Выбрать главу

Не залезая в интернет (там постфактум все равно почти ничего не нашлось), решил из общих соображений, что Музей Венецианской епархии не может быть совсем плохим, — и не ошибся.

Музей совсем хороший. Огромная коллекция церковной утвари, прекрасное собрание живописи и скульптуры.

То, что все два часа своего пребывания в этом прохладном просторном пространстве с прекрасным светом и дизайном я был совершенно один, — это понятно. Но похоже, что я был там первым посетителем за месяц, а может быть, со дня открытия.

Посещение закончилось тем, что чернобородый вдруг распахнул какую-то дверь и предложил мне спуститься во внутренний двор. Оказалось, что этот двор — единственное неперестроенное романское пространство в Венеции. Прямоугольник двора, замощенного «в елочку» кирпичом (когда-то так была замощена площадь Сан Марко), охватывала галерея: полукруглые арки на простых колоннах. По стенам развешаны обломки византийских и римских камней. Это был когда-то, сказал мой застенчивый гид, бенедиктинский монастырь Святой Схоластики, а потом, от Наполеона до войны — военный трибунал. (Что логично, тюрьма-то — в соседнем здании.)

Когда я понял, что поселиться в этом дворе мне все-таки не удастся, провожатый распахнул дверь на улицу. Я замотал головой, но даже не успел сказать, что не так. Он сам все понял, прошелестел «Беллини» и снова проводил меня в первый зал.

Этот зал — пространство под потолком монастырской церкви, которую злые трибунальцы зачем-то разделили на два этажа, так что ходишь около капителей колонн и под самыми арками и расписными балками центрального нефа. И в нем (может быть, он выставочный?) нет ничего, кроме огромного алтарного образа Джованни Беллини, который просто, без всякой этикетки, стоит на полу, прислоненный к стене. Чернобородый как-то невнятно сказал, что он не знает, откуда эта картина, то ли из Академии, то ли с Мурано[15], то ли еще откуда-то, — а им дали ее ненадолго. Типа, всякому же хочется, чтобы такая вещь у него постояла.

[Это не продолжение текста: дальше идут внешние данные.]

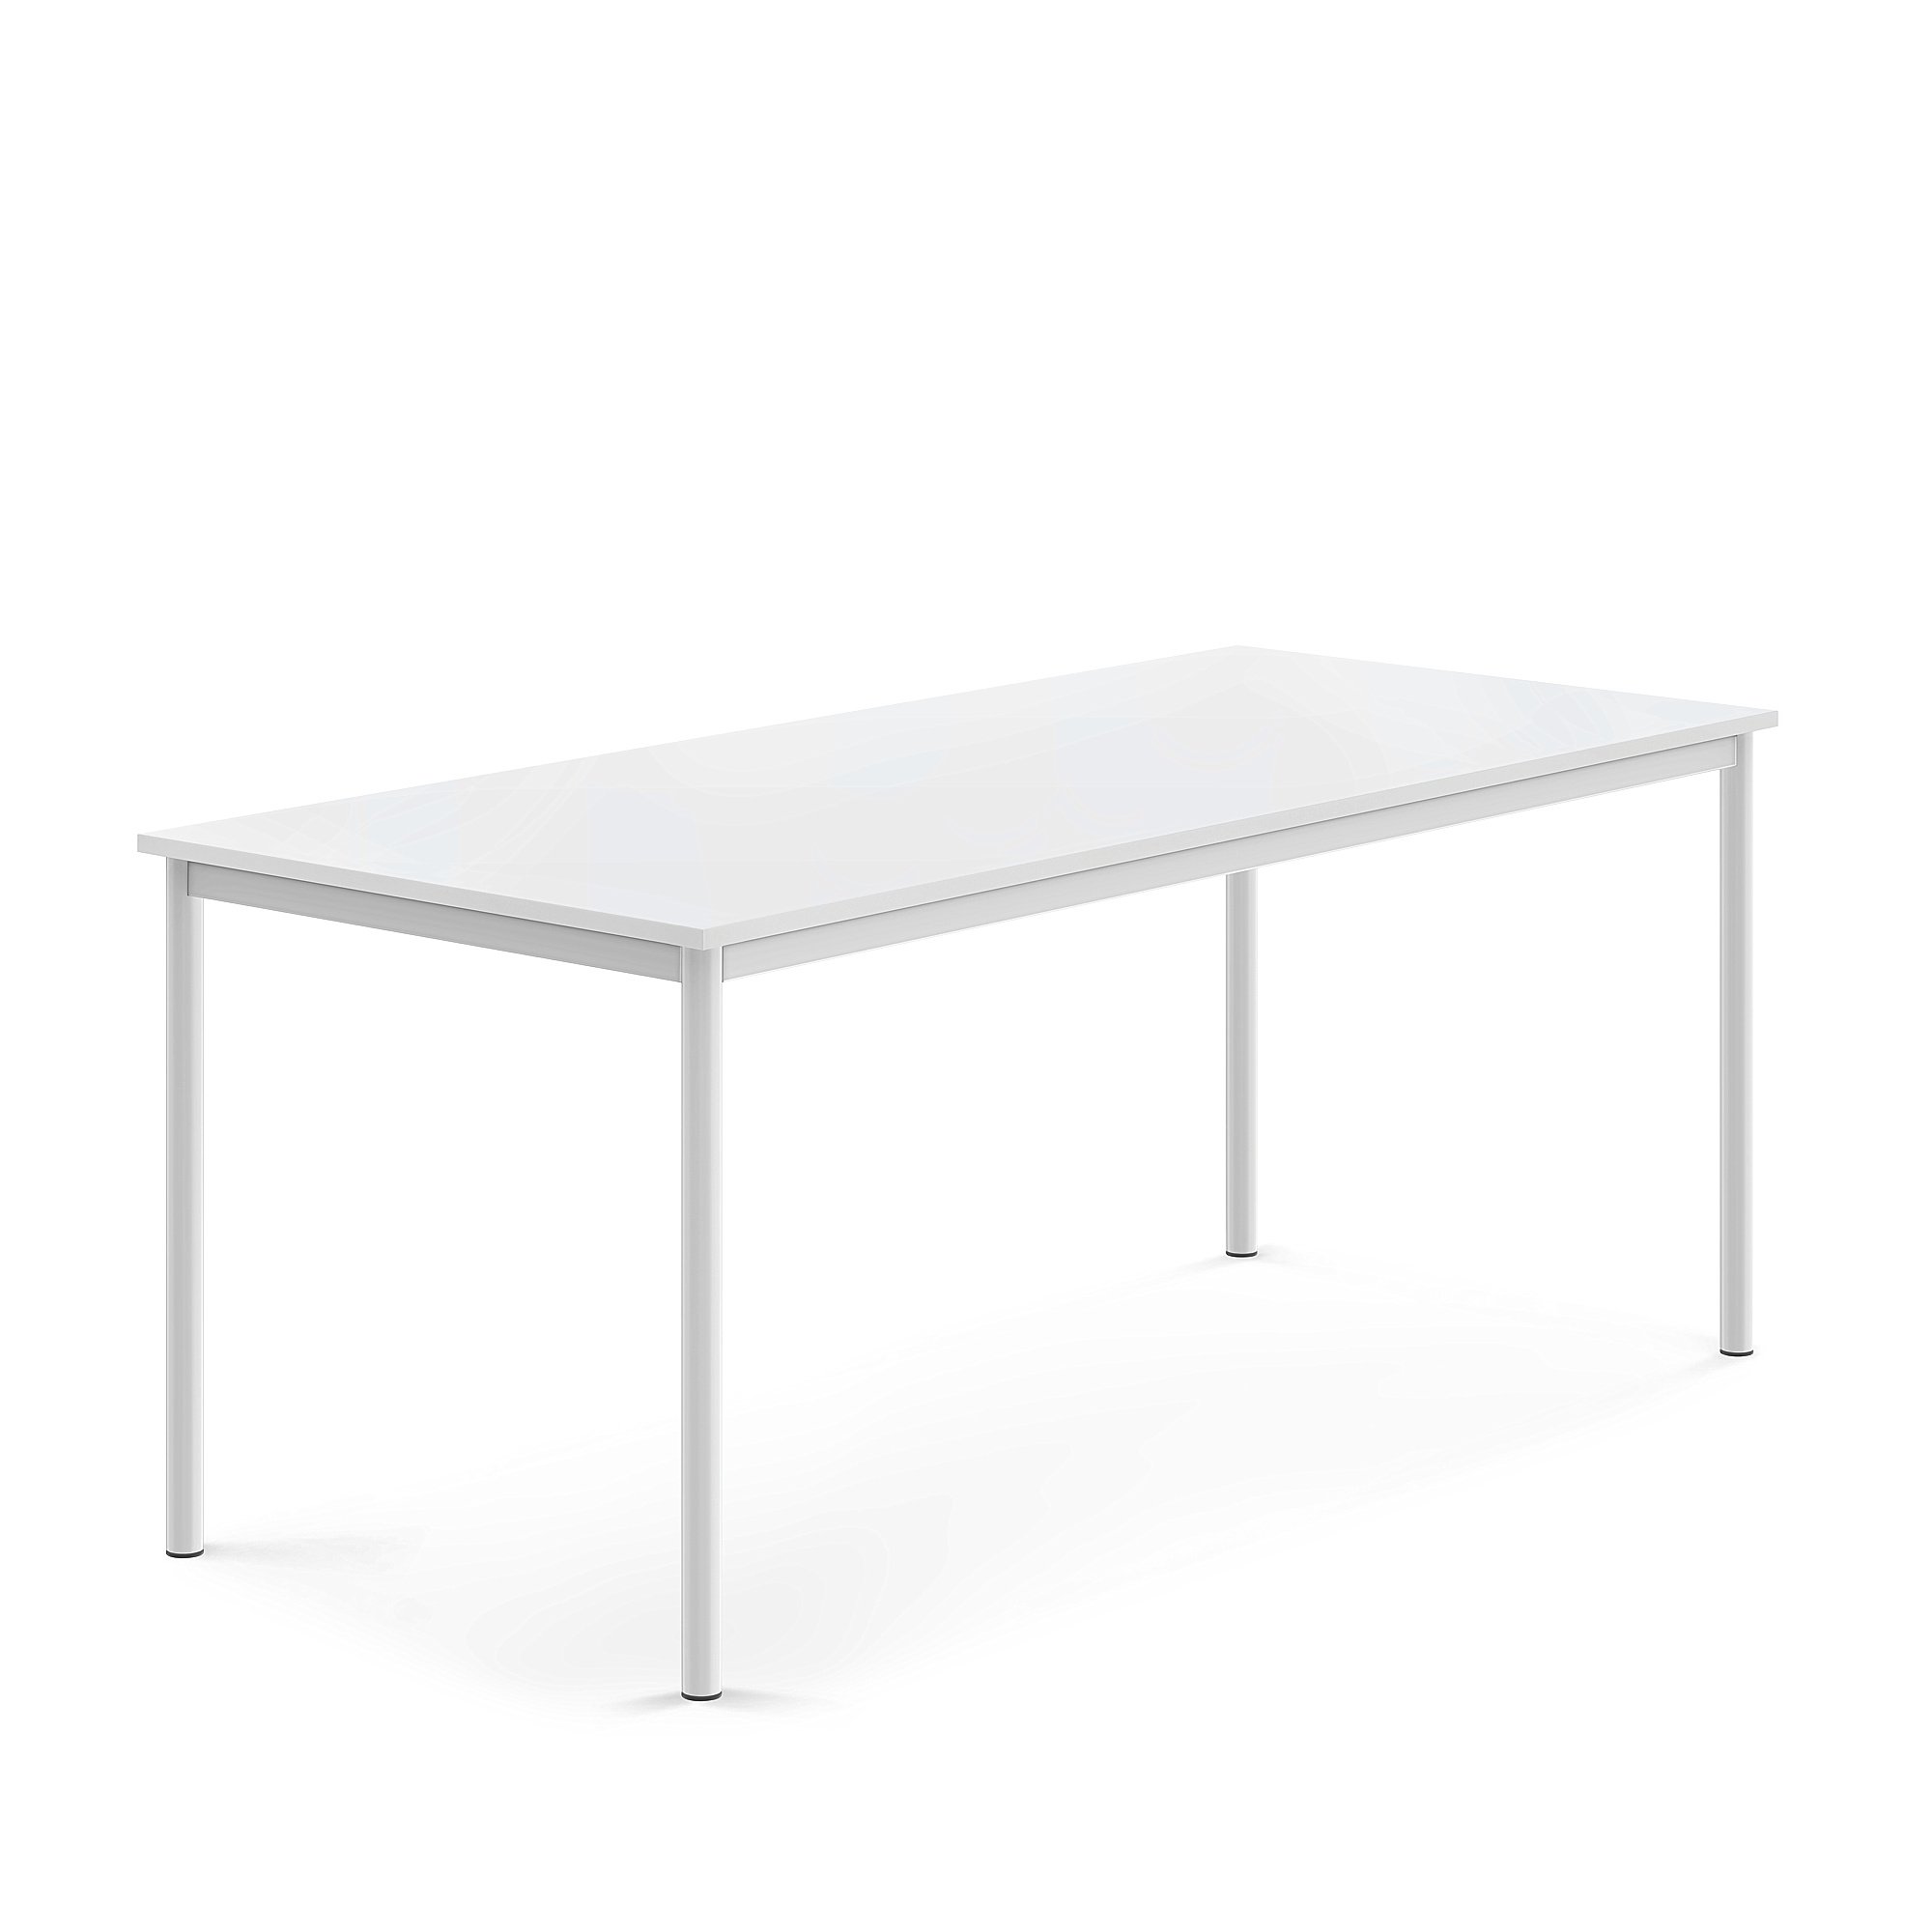 Stůl SONITUS, 1800x800x720 mm, bílé nohy, HPL deska tlumící hluk, bílá
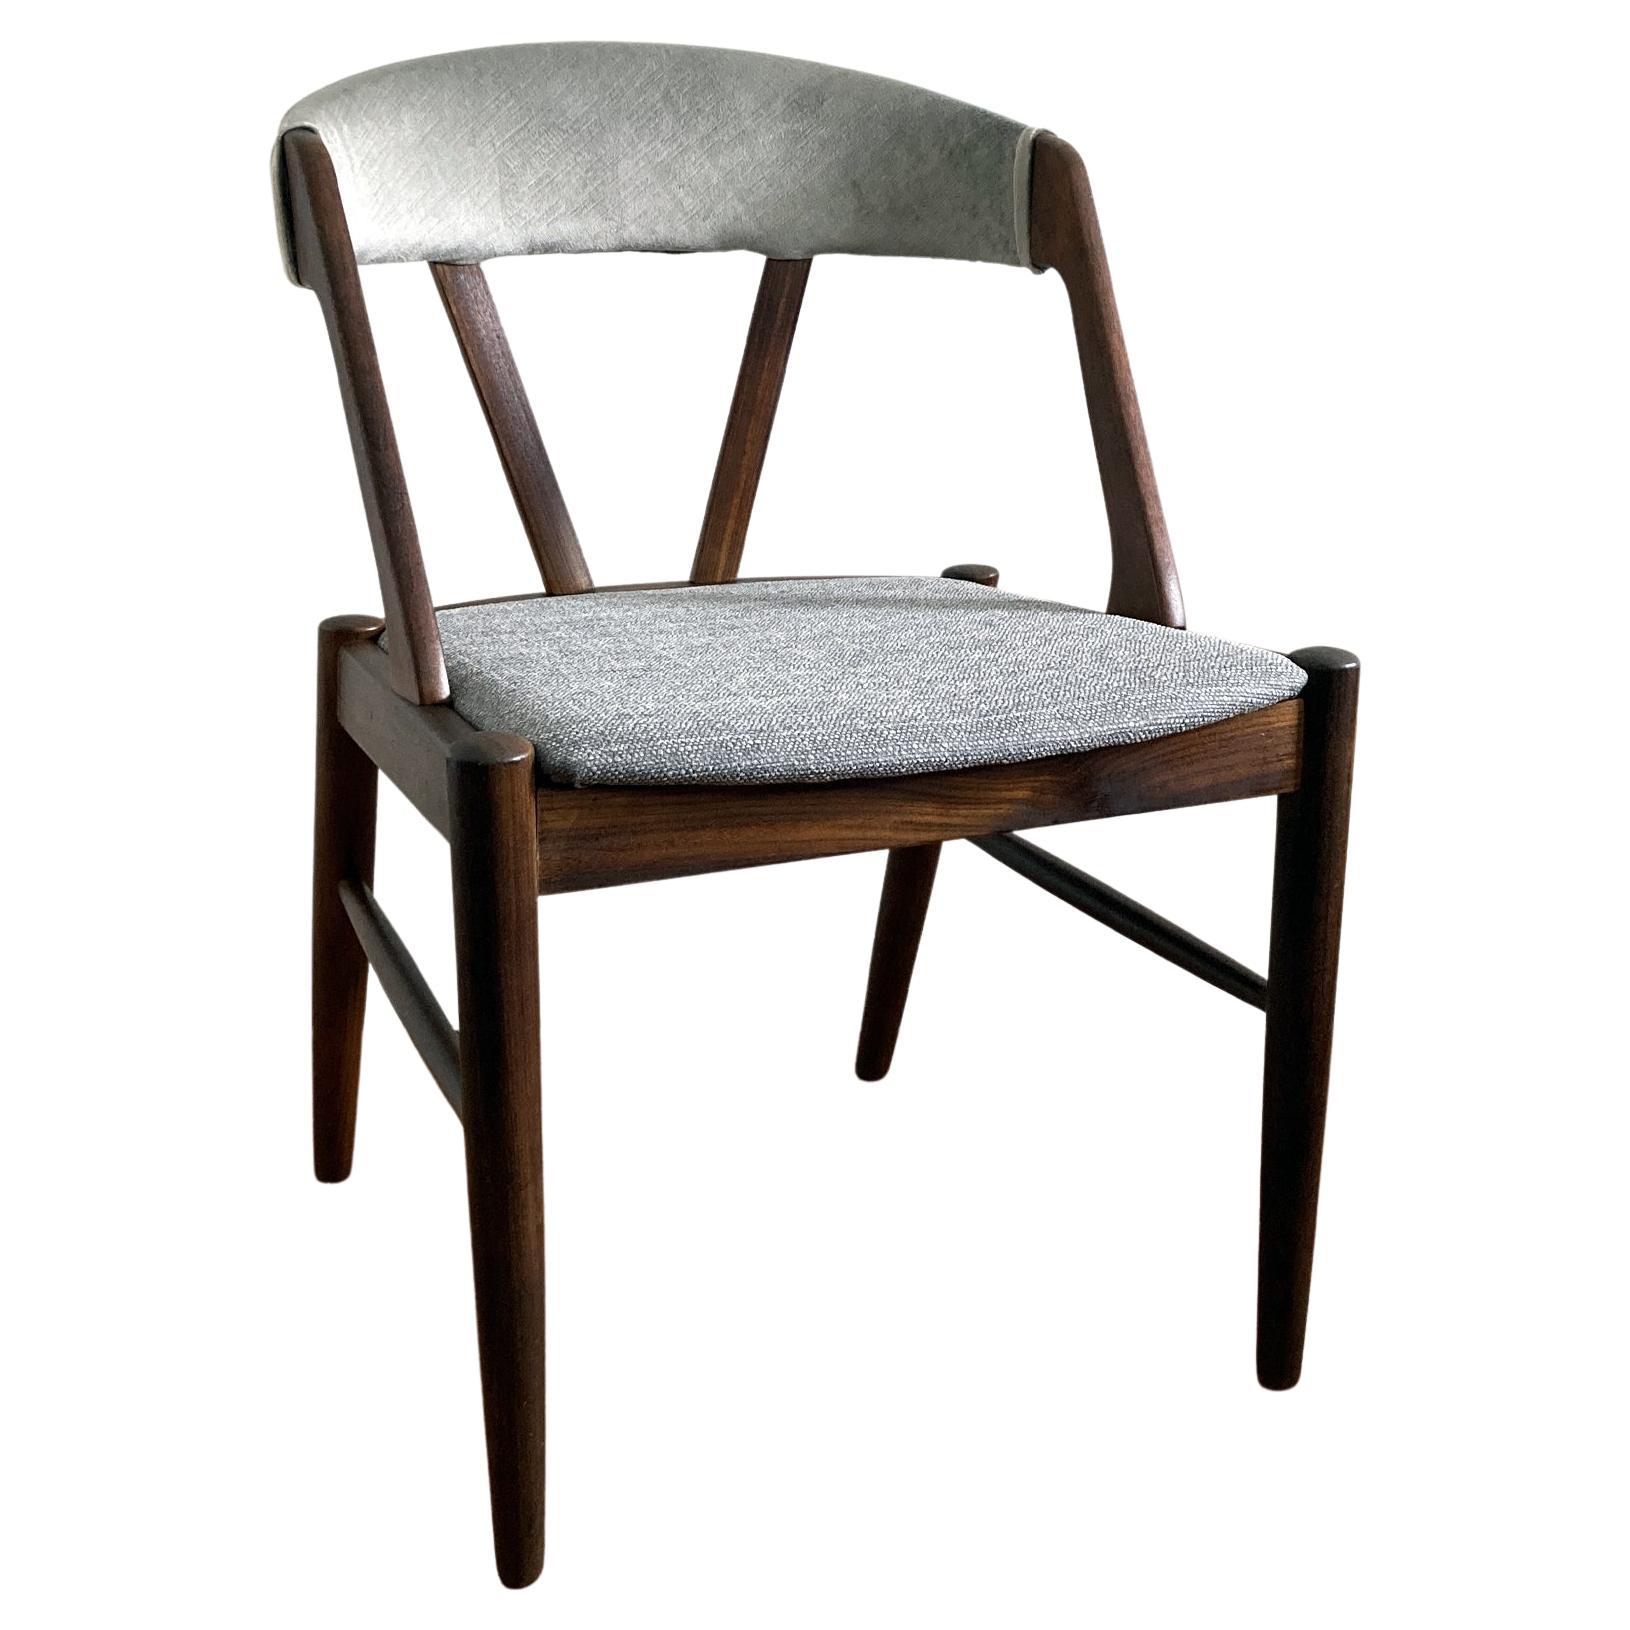 Kai Kristiansen Style Reupholstered Curved Back Gray Teak Chair, Danish, 1960s For Sale

С Беллини у меня происходит какая-то ерунда. Я через день открываю для себя еще какую-нибудь его картину и каждый раз думаю, что эта и есть самая лучшая. Так вот, самая лучшая стоит пока на полу в пустом зале Музея венецианского диоцеза. Это «Вознесение Девы Марии» — чуть ли не последняя работа Беллини. Он написал ее, когда ему было сильно за восемьдесят. Настоящие художники обычно именно в этом возрасте наконец понимают, что к чему, и опять готовы начать все сначала.

Внизу трехъярусной композиции восемь святых (некоторых, например святого Франциска, я узнал) стоят полукругом и смотрят вверх с таким беспокойством и тоской, что жалость берет. Обычно у Беллини святые отрешенно погружены в созерцание чего-то далекого и потустороннего: типа, попала в святого Себастьяна пара стрел — а он и не заметил. Но это какой-то странный Беллини. Святые, очень психологически убедительные, очень напряженные, смотрят и не видят, хотя догадываются, что именно должны увидеть, — и все они, каждый по-своему, в соответствии с возрастом и темпераментом отмечены печатью непростоты: кто — ума, кто — аскезы, кто — епископской власти.

На втором — очень узком ярусе — идет какая-то мелкая и оттого прелестная жизнь: слева скачут два всадника, справа заснул пастух, а овцы потихоньку разбредаются. Поздняя осень: ближнее дерево облетело, дальние синие горы подернулись желтизной.

Богородица вознеслась не на небо, а на зеленый холм. На дальнем плане, как всегда, какой-то замок, какая-то руина… Богородица стоит на траве перед замком — вот и все небеса, но при этом мучительно недоступна взорам святых. В ней, в той, которую Беллини писал всю жизнь, нет, кажется, никакой загадки. Простая и, похоже, недалекая, хотя и очень добрая, рыжеволосая и белокожая девушка, из тех, которые хороши своей молодостью, но в тридцать — обрюзгнут, а в сорок — подурнеют. Закутанная в синие и темно-розовые ткани, она молитвенно сложила руки. В дымном осеннем небе не то над, не то за ней летают какие-то странные монохромные ангелы — пара розовых, пара алых. И глядя на эту тихую простоватую девицу, постепенно начинаешь тосковать вместе со святыми, потому что есть во всем этом настоящая, а не придуманная тайна. И святым ее не разрешить, а тебе — и подавно.

вернуться

15

Этот алтарный образ был написан Беллини для одной из цервей на Мурано, а сейчас находится в запасниках Академии. В Музее диоцеза его выставили к пятисотлетию со дня смерти художника.